W0508 18:58:06.181569 19500 deprecation.py:323] From c:\users\leximus\appdata\local\programs\python\python36\lib\site-packages\tensorflow_core\python\ops\nn_impl.py:183: where (from tensorflow.python.ops.array_ops) is deprecated and will be removed in a future version.
Instructions for updating:
Use tf.where in 2.0, which has the same broadcast rule as np.where


### Splitting the dataset : A system to detect overfitting
When we train the network, we show samples `S`.
The network behave as a function `N`, generating a prediction `P` of what it is.

We can write`N(S) = P`

We know what the answer `A` should be (this is the label we extracted, in the `Y` variable !). 
To know how much the network is mistaken, we will calculate the error `L` that we call the loss.

There are a lot of different loss. I chose to use a binary_crossentropy but to give you a simpler one for description purpose, imagine that we have `L = P - A`.

The purpose of the neural network is to reduce `L` to its minimum. This system will lead to reducing the difference between our prediction `P` and the answer `A`.

However, if we were to show <b>all</b> samples, the network may just find statistical anomalies to make its decision. In somehow, you could compare it to a student learning by heart the answer to all questions of the test. It can be good for some subject like history... but for math, imaigne now a student who learned this way, without understanding the mathematical object themselves. As soon as you cange the values of the mathematical equations, the student will not be able to solve the problems given.
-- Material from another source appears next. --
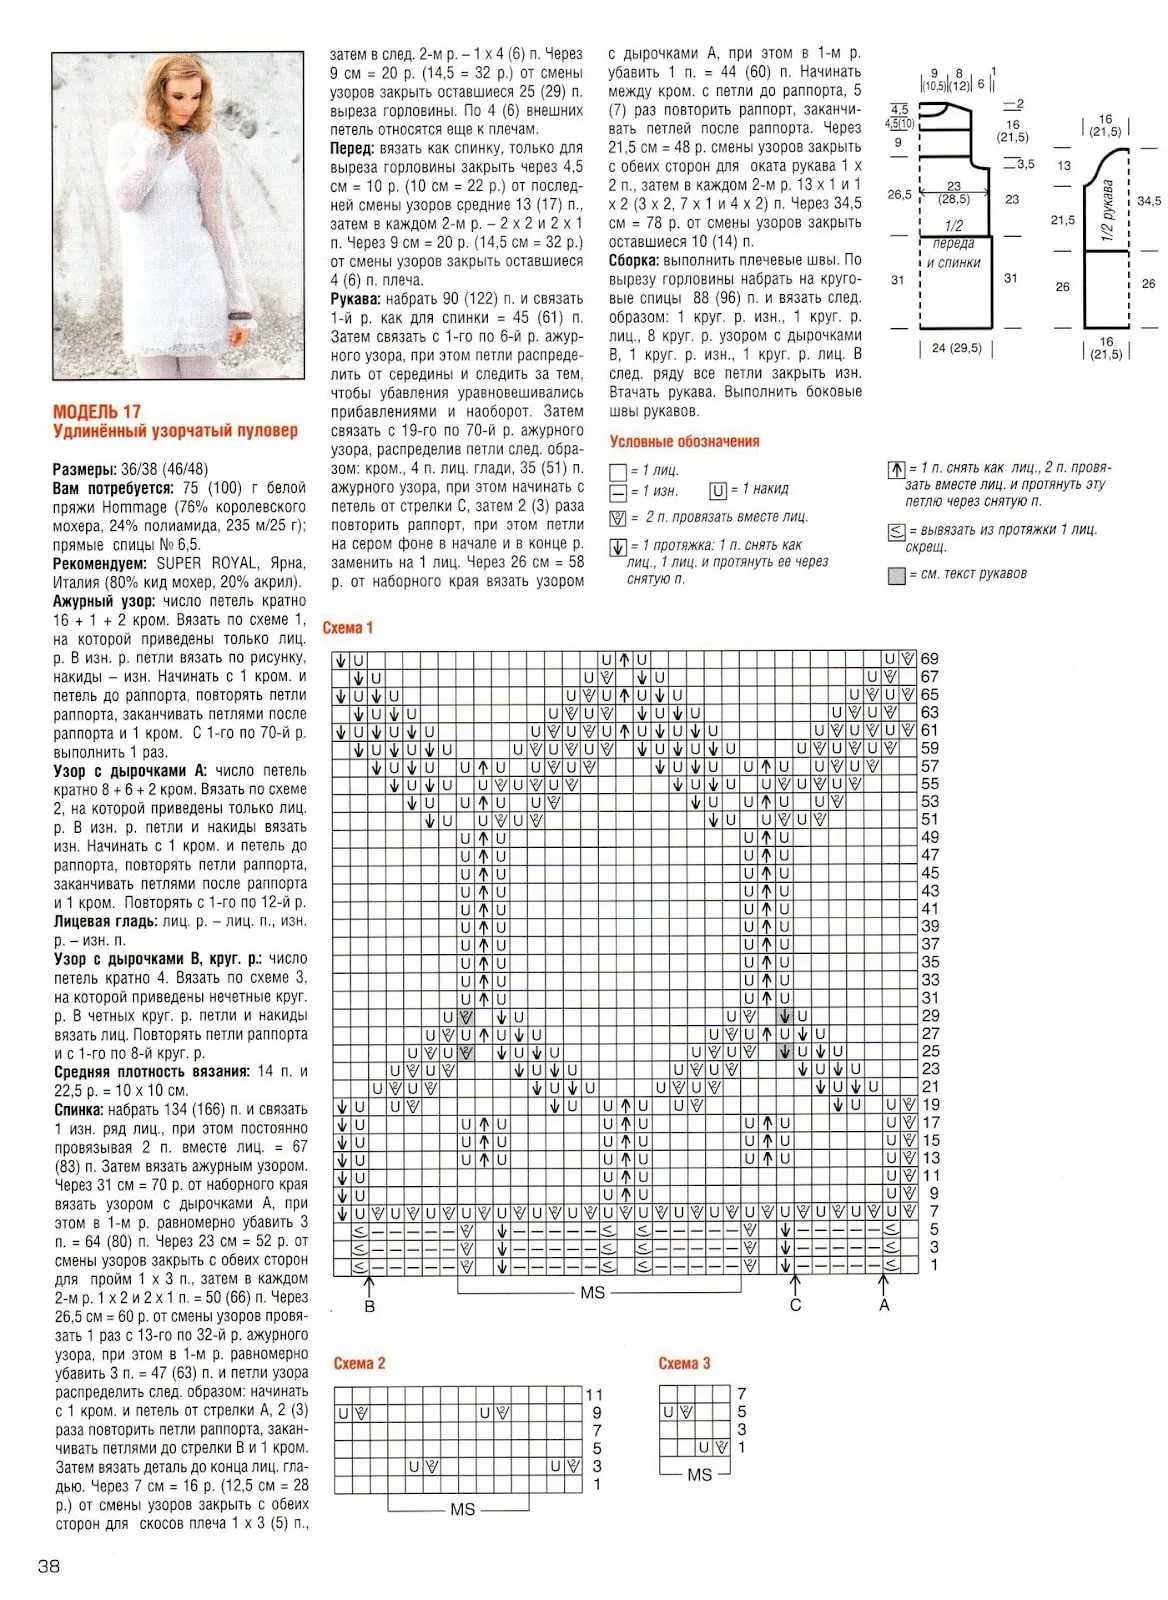 Схемы вязания кардигана из мохера спицами

A similar problem may appear here, where our network learns all the question by heart. This is what we call <b>overfitting</b>. And overfitting is bad. To check if we are learning from the dataset or simply memorizing it (and thus, no use of the neural network...), we take apart of our samples (20%), that the model will not train on.

If our network can solve the 20% it has never seen, it means it will have learned to solve the problem. Of course, this should also implement a balanced representation of the different output. If the model only returns "this is a normal connection" and you only test on normal connection, you will see good results... but you will not find your model is bad.

In [8]:
X_train, X_test, y_train, y_test = train_test_split(X, Y, test_size=0.2, random_state=1234)

In [9]:
#We test for balance
print(confusion_matrix(y_test, y_test))

[[79496     0]
 [    0 19309]]


We see we do not have the same quantity between "normal" and "abnormal". However, we have enoug samples to control if the network learnt or not.

### Training the network
We are now ready to train the network. We could use the testing set we have made to check the model does not overfit while we train it... but I decided to choose to use a validation dataset. This is 20% of the 80% we have in the Training Dataset. This will be displayed as we train.

Next, we will be able to see how we perform on the testing dataset.

In [10]:
model.fit(X_train, y_train, 
          batch_size=128, #We show 128 samples to compute the loss.
          epochs=10, #And will see 10 times the dataset.
          validation_split = 0.2) #The 20% we take from the Training for the validation training set
#(The network is not trained on the validation. It is only on the testing)

Train on 316172 samples, validate on 79044 samples
Epoch 1/10
Epoch 2/10
Epoch 3/10
Epoch 4/10
Epoch 5/10
Epoch 6/10
Epoch 7/10
Epoch 8/10
Epoch 9/10
Epoch 10/10


<tensorflow.python.keras.callbacks.History at 0x1fee3d9a278>

Our model is trained and Keras tells us that we have more than 99.88% of accuracy on the validation test (that he never saw!).

Let's test it with our testing set.

In [11]:
y_pred = model.predict(X_test);
y_pred = np.round(y_pred)

print("confusion matrix ANN:")
print(confusion_matrix(y_test, y_pred))

confusion matrix ANN:
[[79418    78]
 [   37 19272]]


We see a small number of false positive and false negative. It seems our model has indeed correctly classify the dataset.